Reveal (Center for Investigative Reporting): Amy Julia Harris and Shoshana Walter report that former patients of the drug rehab program Recovery Connections Community in North Carolina are suing for years of unpaid labor as caregivers in adult care homes. The suit comes after a Reveal investigation found that the rehab patients regularly worked more than 80 hours per week without pay, while the program’s founders “used the rehab program to fuel a lavish lifestyle.” According to the article, the rehab program marketed itself to poor and desperate people struggling with addition, who were promised help in exchange for their labor. Many patients were sent to the rehab program as a condition of their probations. Harris and Walter write: “The businesses paid Recovery Connections a ‘sub-market rate’ for the workers, despite knowing that rehab patients worked long hours and wouldn’t receive any pay for their work, the complaint said. The rates were so low, the complaint said, that they threatened to drive down wages for the entire industry.”

The Post and Courier: Hannah Alani reports on the experience of hourly workers who faced evacuations due to Hurricane Florence, highlighting concerns about lost income and fears of losing one’s job altogether. She interviewed a number of workers, including Kristen Kornbluth, a restaurant worker in Charleston, who said: “There’s no way I’m going. It’ll make me look not dependable. I don’t want to leave anybody in a hard spot.” Harper Howell, a bartender in Charleston, said: “If you’re not present, you’re not getting paid.
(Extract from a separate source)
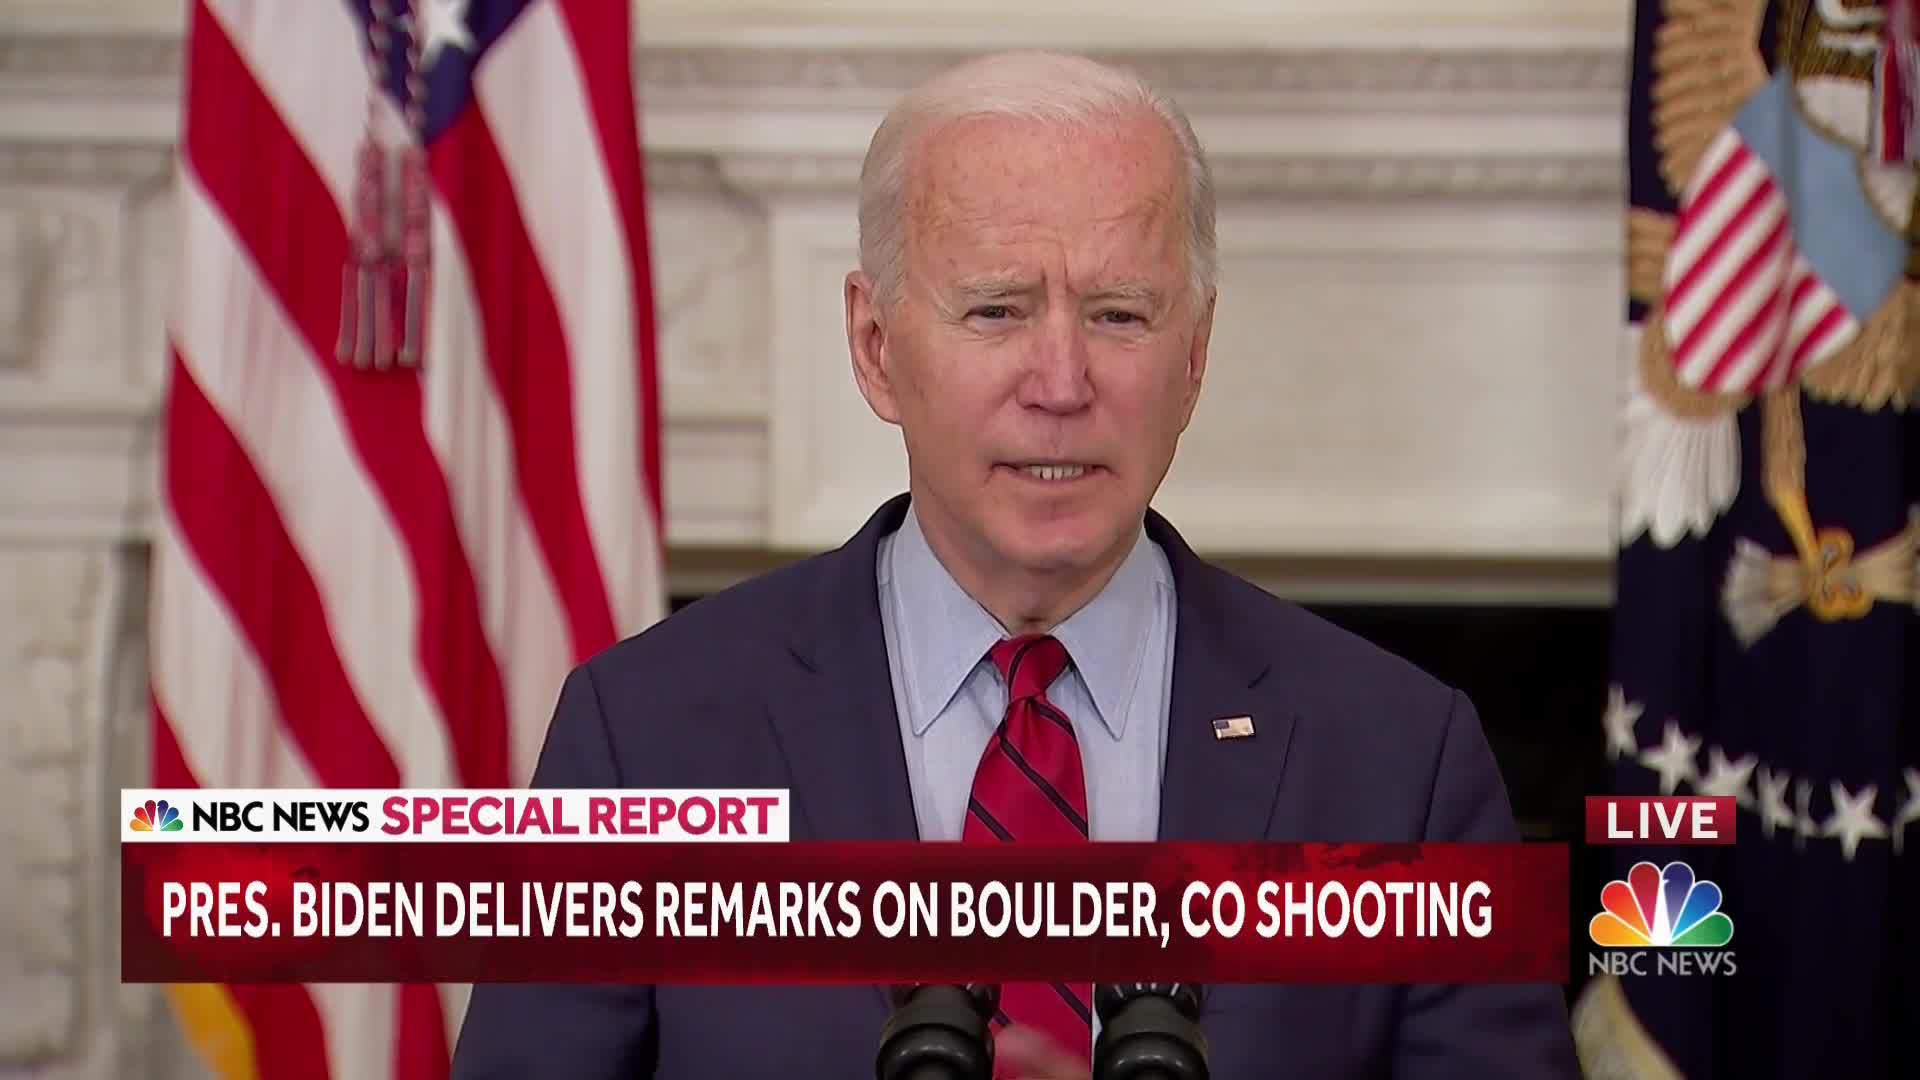 WATCH: President Biden comments on Colorado shooting that left 10 dead

That’s the downfall of working in our industry.” Alani writes: “Hourly workers up and down the coast grappled not only with the anxieties over preparing for the approaching storm but also with the uncertainty over what it might cost them.”

Quartz: Simone Stolzoff writes that millennial union membership is on the rise, reporting on Bureau of Labor Statistics data showing that union membership among people younger than 35 is increasing, with almost 400,000 more union members in that age group in 2017 than in 2016. In comparison, the number of union members ages 35 and older has changed little in the last five years. Stolzoff interviewed Steven Pitts, a labor professor at the University of California, who pointed to a number of factors that could explain the trend, including the contraction of job sectors with older union members, like coal mining, and a millennial population that didn’t grow up in the anti-union era of the 70s and 80s. She writes: “Lastly, workers outside of traditionally unionized sectors are forming unions. The push for unionization in newer industries like digital media and coffee shops has given younger folks more access to resources for organizing. But Pitts also believes young people’s desire to unionize has gone up as the purchasing power of their income has gone down.”